RECENT DECISIONS: CIVIL RIGHTS - Title VII Protection For Centerfold - Burns v. McGregor Electronic Industries, Inc., 955 F.2d 559 (8th Cir.), on remand to 807 F. Supp. 506 (N.D. Iowa 1992), rev'd, 989 F.2d 959 (8th Cir. 1993).

Fall, 1993

66 Temp. L. Rev. 1039

Author

Caroline M. Kurz

Excerpt





Title VII of the Civil Rights Act of 1964 prohibits employment discrimination on the basis of an "individual's race, color, religion, sex, or national origin." 1 Prior to 1976, courts refused to recognize sexual harassment as sex discrimination under Title VII. 2 In 1980, however, the Equal Employment Opportunity Commission ("EEOC") promulgated guidelines that specifically stated that sexual harassment is a form of sex discrimination prohibited by Title VII. 3 Since 1980, the United States Supreme Court and lower federal courts have consistently referred to the EEOC guidelines in recognizing sexual harassment as sex discrimination under Title VII. 4

In 1986, the United States Supreme Court first addressed the issue of workplace sexual harassment in Meritor Savings Bank v.
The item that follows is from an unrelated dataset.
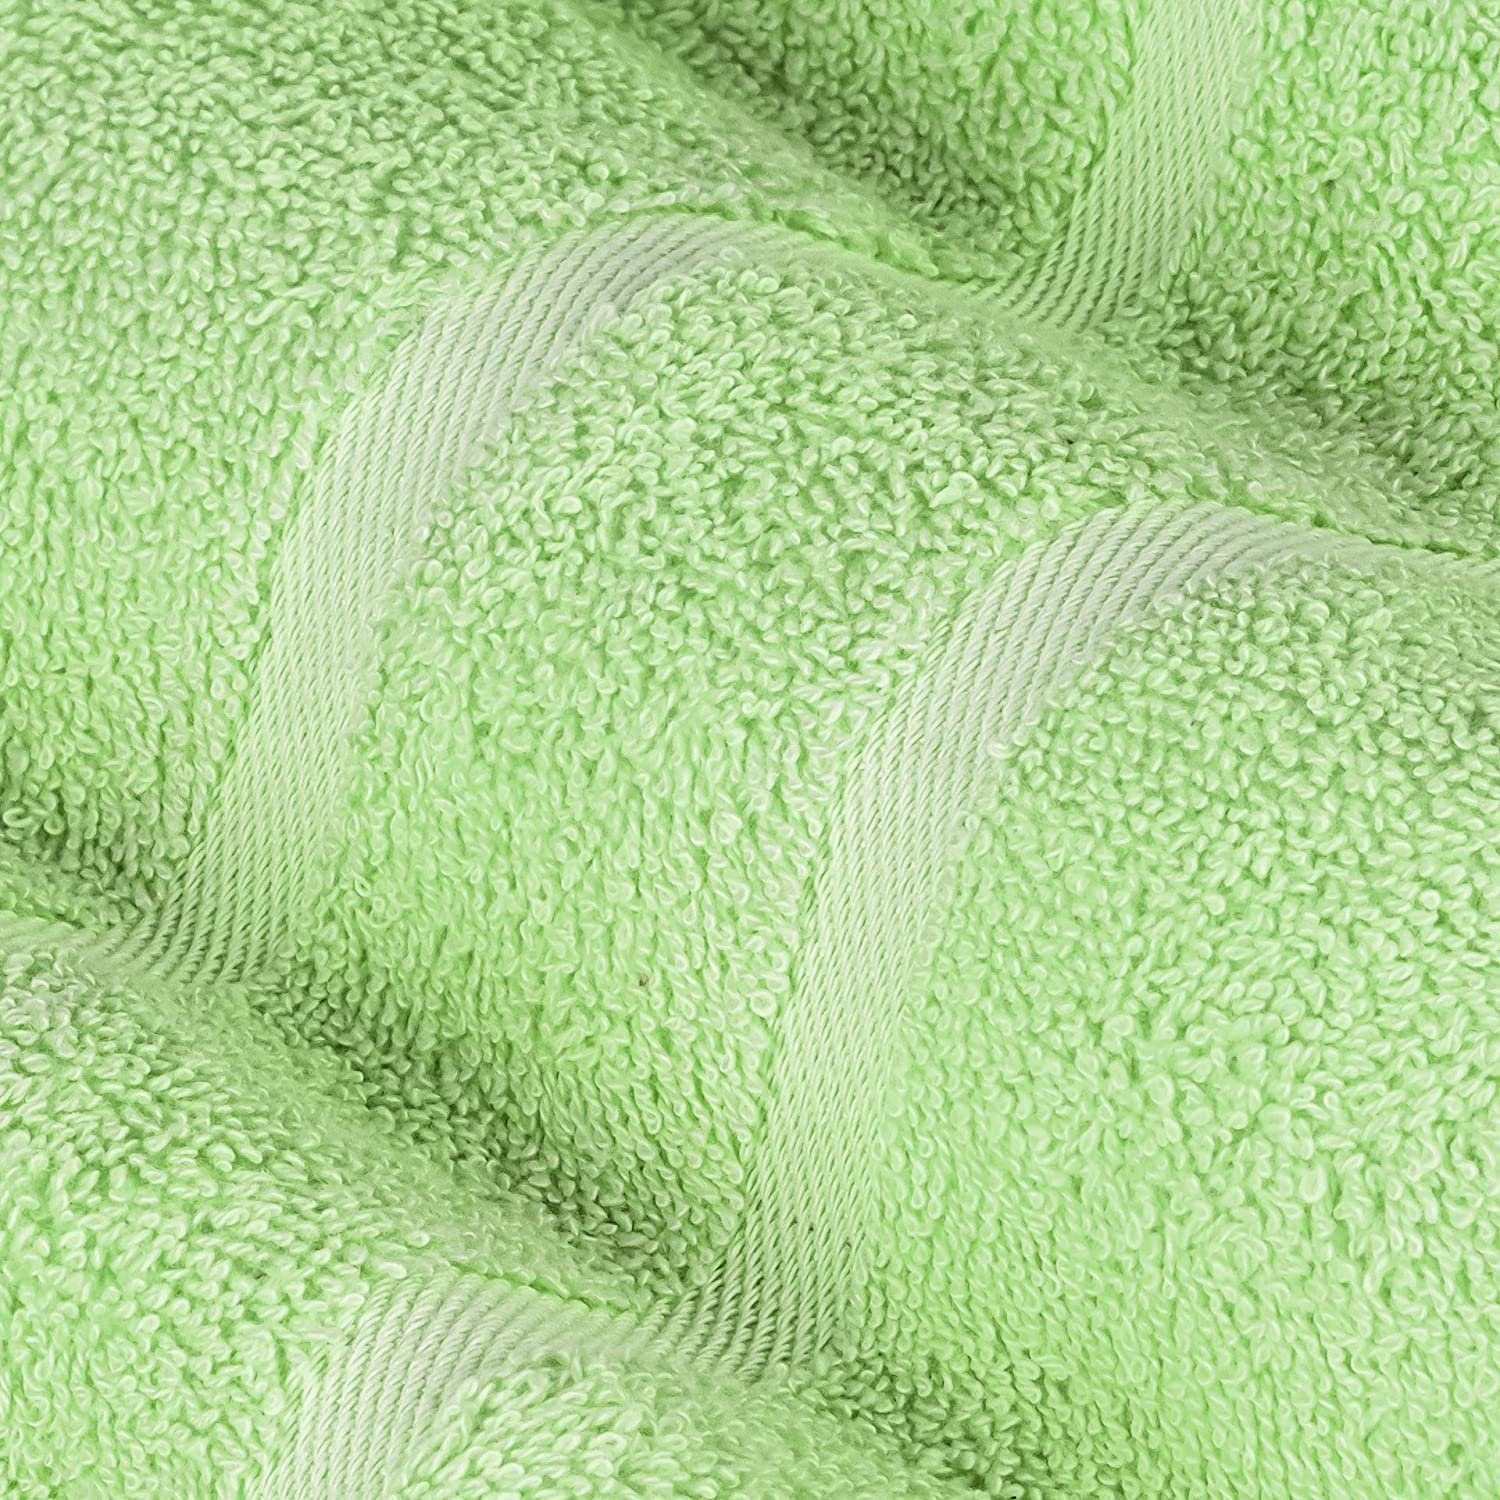 StickandShine Handtuch Set 500 verschiedenen (8 2x Handtuch 2x Baumwolle Gästehandtuch Farben 2x Frottee GSM Pack, in GSM SET 2x 100% Baumwolle Badetücher 500 100% Teilig) Handtücher Duschtücher Hellgrün 8er als
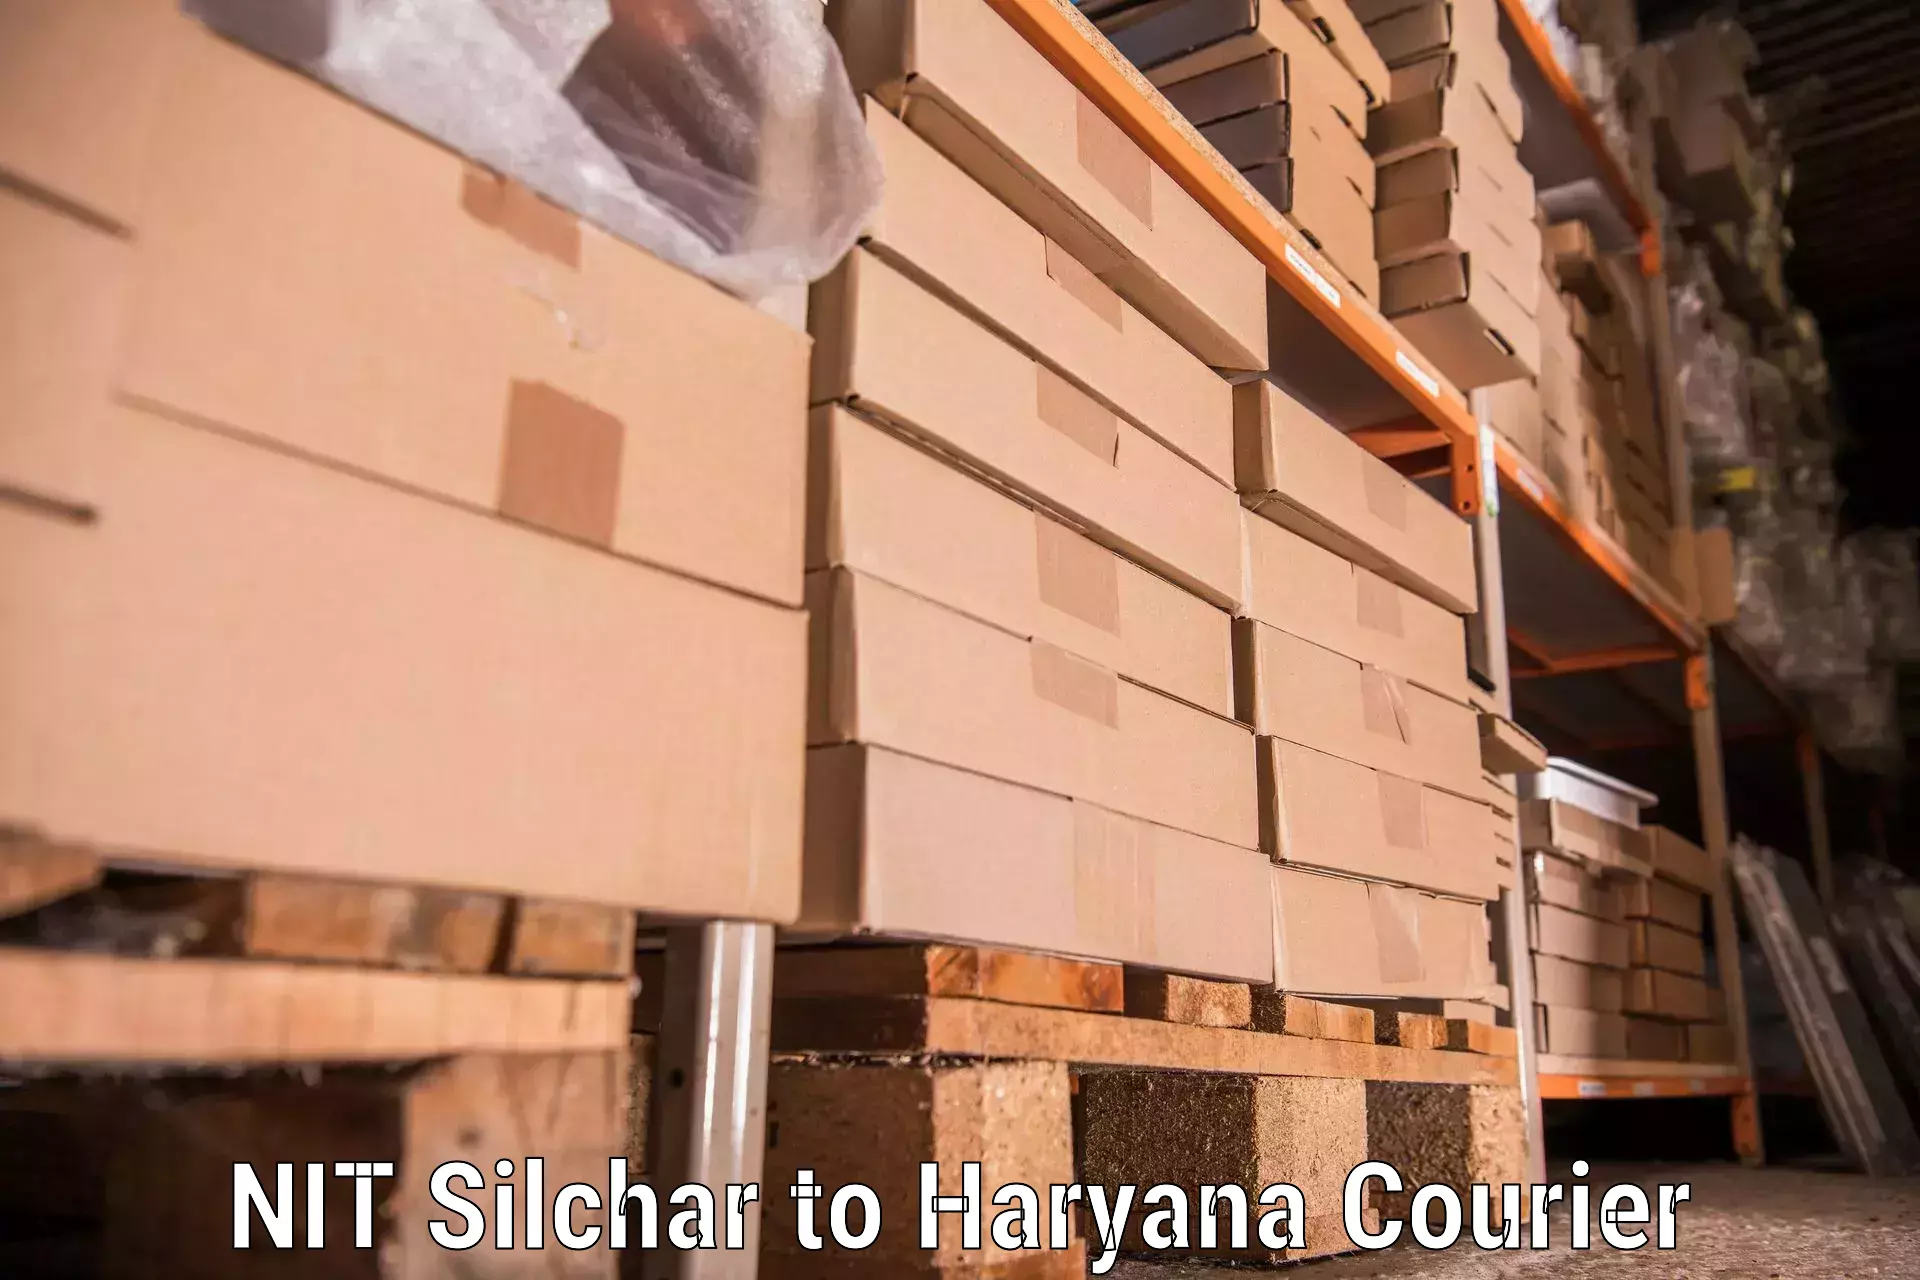 Furniture moving experts NIT Silchar to Loharu

Vinson. 5 The Meritor Court unanimously held that sexual harassment that creates a "hostile environment" constitutes illegal sex discrimination under Title VII. 6 The Court restricted actionable hostile work environment claims to harassment that is so severe and pervasive that it alters the conditions of employment and creates a hostile and abusive work environment. 7 The Court, however, failed to provide the lower federal courts with standards to assess whether the alleged sexual harassment is so severe and pervasive as to create a hostile work environment under Title VII. 8

Because the Supreme Court provided little guidance, the lower federal courts developed several different tests to evaluate hostile work environment claims of sexual harassment. The first approach involves a two-pronged test: an objective test based on the ...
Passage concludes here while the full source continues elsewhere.